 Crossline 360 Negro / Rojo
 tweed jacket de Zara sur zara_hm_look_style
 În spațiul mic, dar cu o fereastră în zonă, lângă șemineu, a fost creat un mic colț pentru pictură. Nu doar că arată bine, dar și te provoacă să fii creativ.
────────────────────
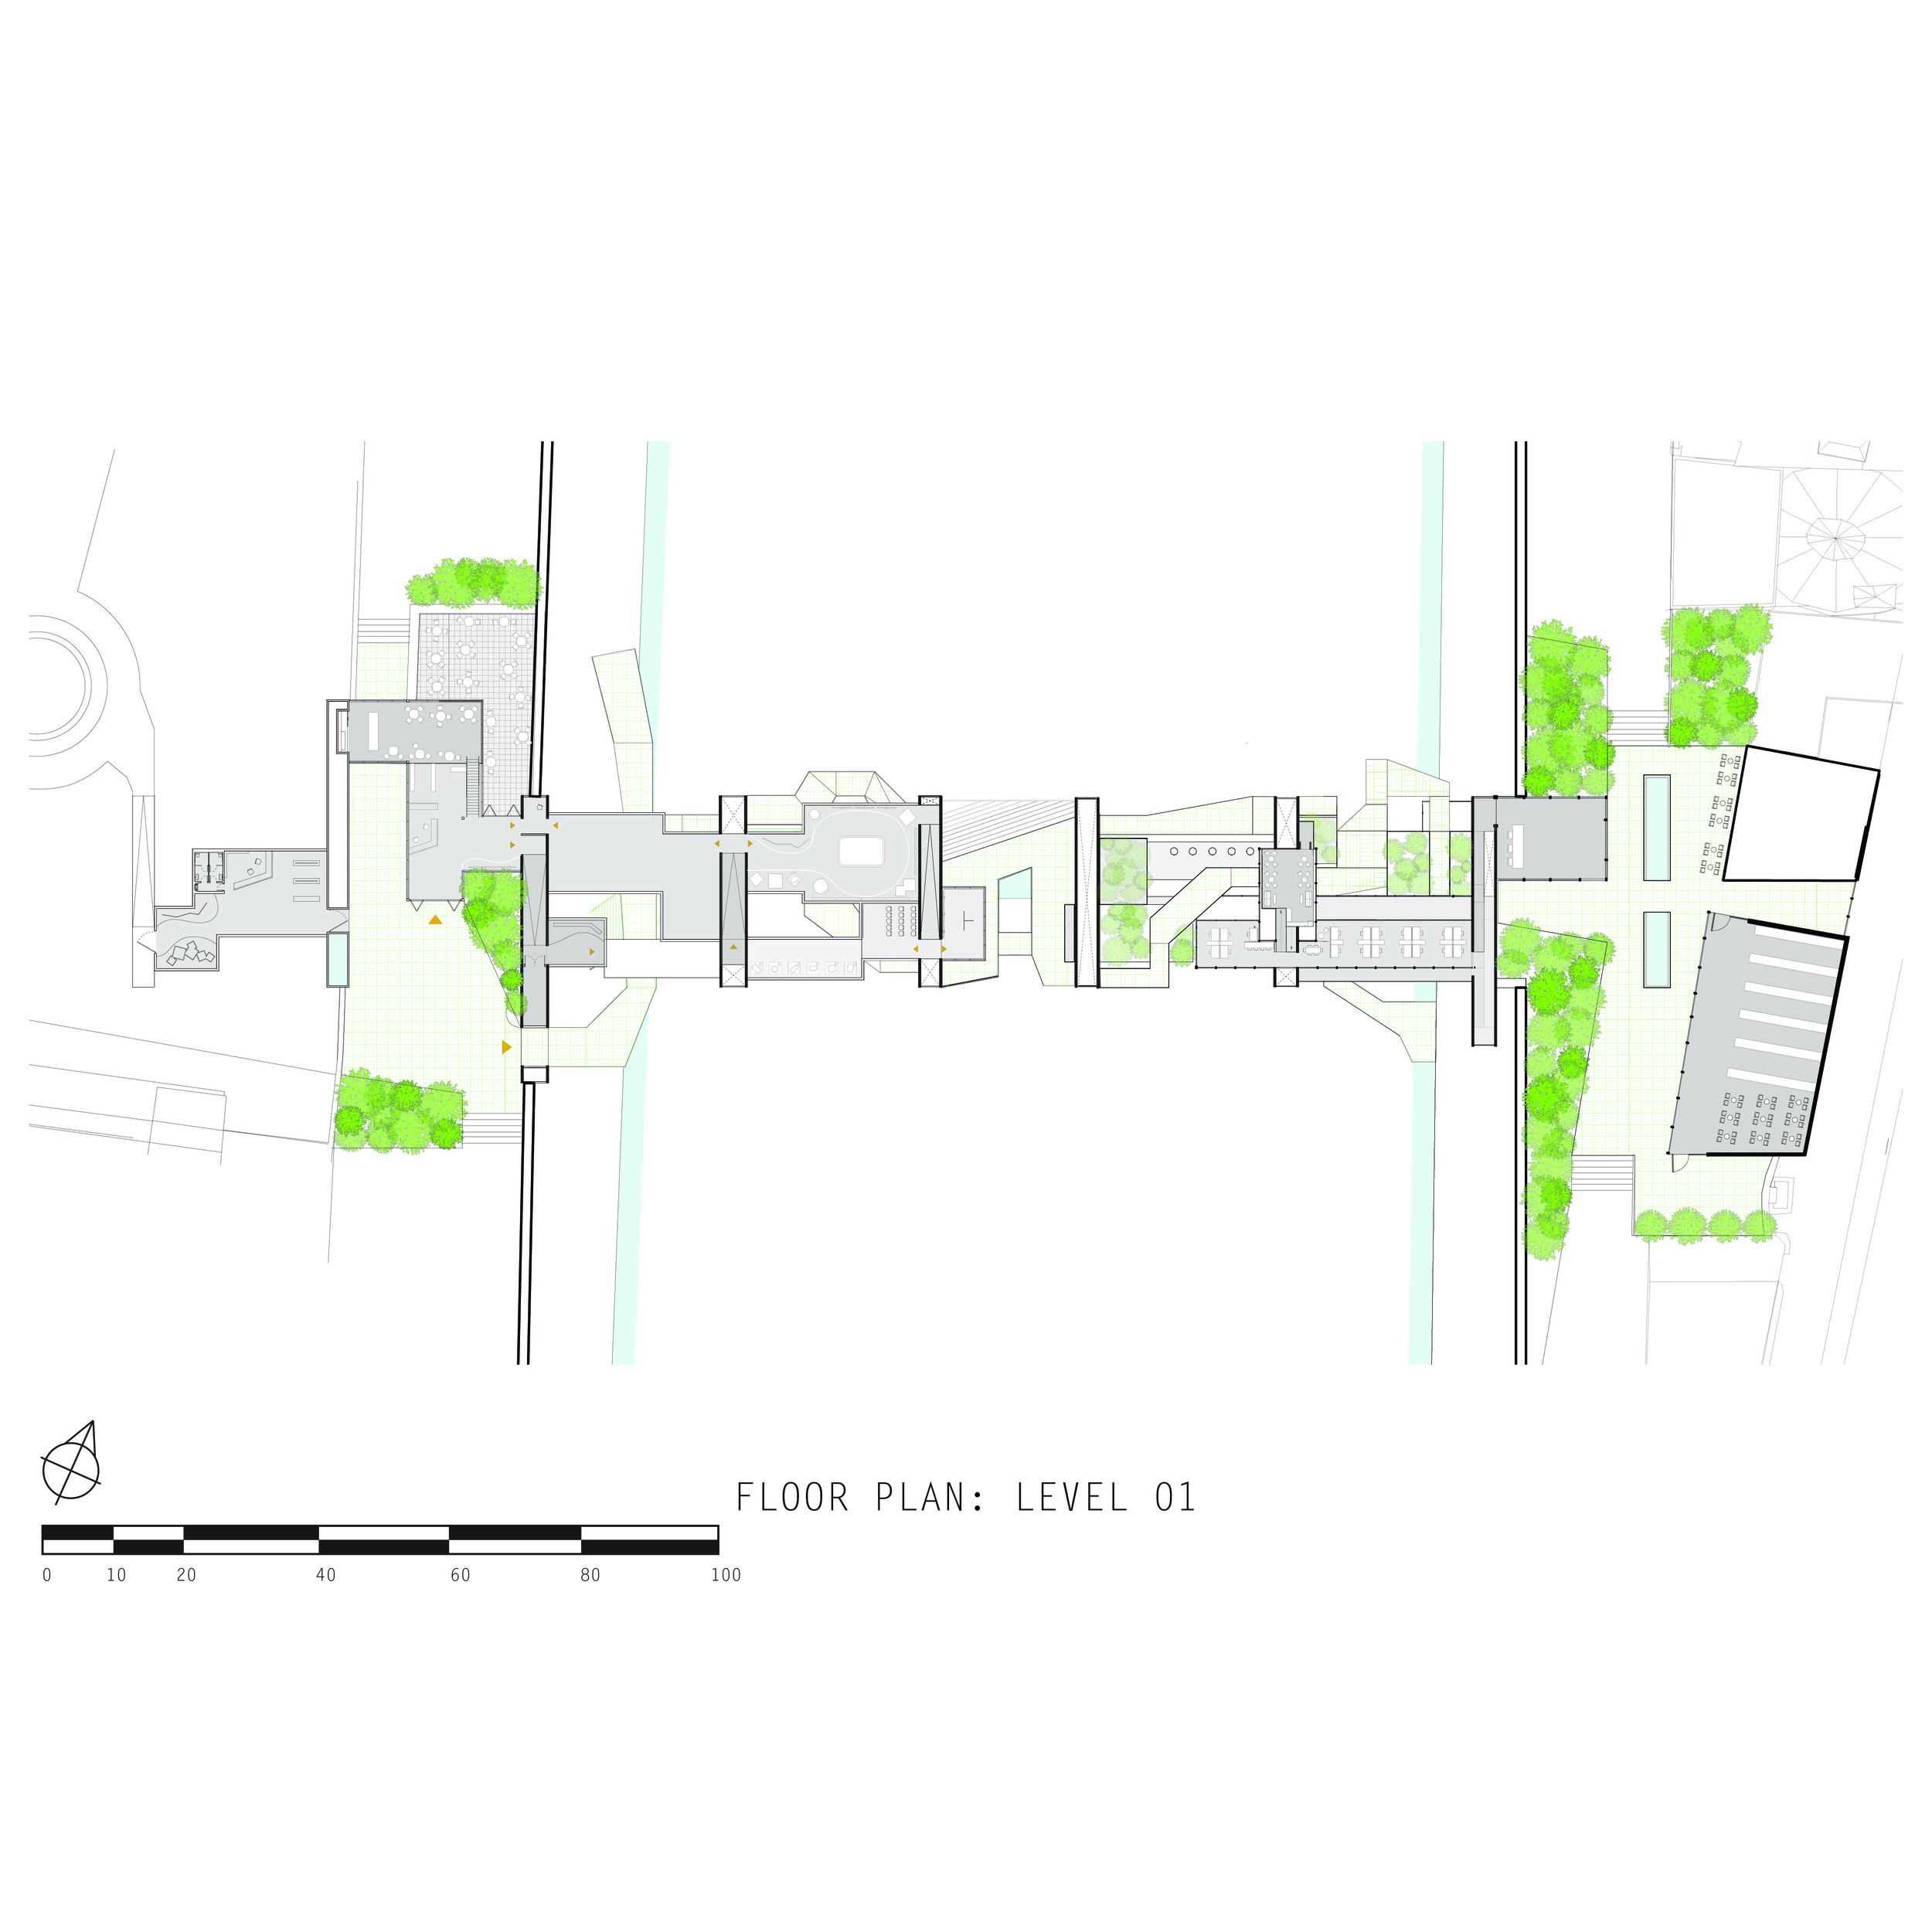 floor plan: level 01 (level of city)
────────────────────
# Exercise details
Return only the part of the records above that opens with the line containing "Crossline 360 Negro / Rojo" and closes with the line containing "În spațiul mic, dar", ends included.

# Response to this exercise
 Crossline 360 Negro / Rojo
 tweed jacket de Zara sur zara_hm_look_style
 În spațiul mic, dar cu o fereastră în zonă, lângă șemineu, a fost creat un mic colț pentru pictură. Nu doar că arată bine, dar și te provoacă să fii creativ.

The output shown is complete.